The Story of the Judge

Illustrations by Harriet Burbeck

It was already 5:15, and the judge was exhausted. His wife’s lasagna was waiting for him at home; his children needed help with their homework. It was inhuman to make anyone work this late. The judge dragged himself back to the hanging television screen that showed the woman in the blue jumpsuit, who was sitting in a detention center far away. “I find that you do not have a credible fear of persecution,” he told her, as he’d told the ten others he’d seen today before her. “Your case will be returned to the Department of Homeland Security, and I imagine they will remove you from the United States. I wish you the best of luck in your country.” 

Adjourned. He heard a choked-off sob, the sound of chair legs scraping and feet stumbling away. The judge scribbled the last of his signatures and rose—but the interpreter stopped him.

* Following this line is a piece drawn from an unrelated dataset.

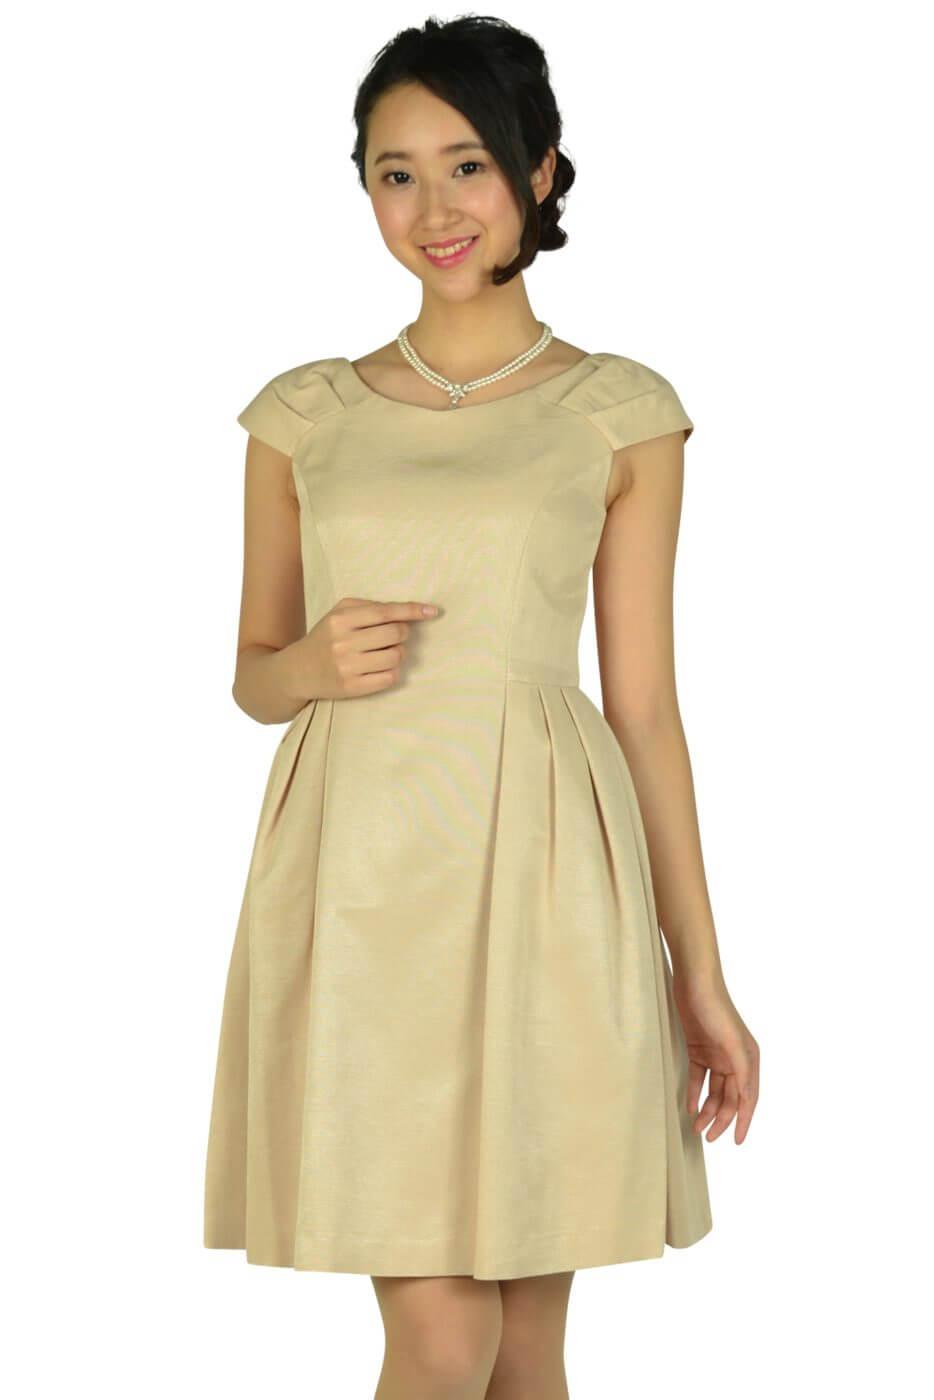 ストロベリーフィールズ (STRAWBERRY-FIELDS)Vネックシンプルベージュドレス

“Your Honor,” said the interpreter, “it looks like there’s one more.”

The judge looked up. On the screen, a new woman sat quietly at the table.

“Officer,” called the judge, to the guard who must be standing just out of frame, “what number is this?”

Out of the silence, the woman spoke. The interpreter translated: “She says, ‘Don’t you remember me? I was in front of you last year. I was with my daughter, she was sixteen.’”

A repeat offender, it seemed, trying her luck at the border after she’d already been turned back once. The judge replied: “Ma’am, I heard hundreds of cases last year. You’re not on my list today. Is there an officer in the room with you?”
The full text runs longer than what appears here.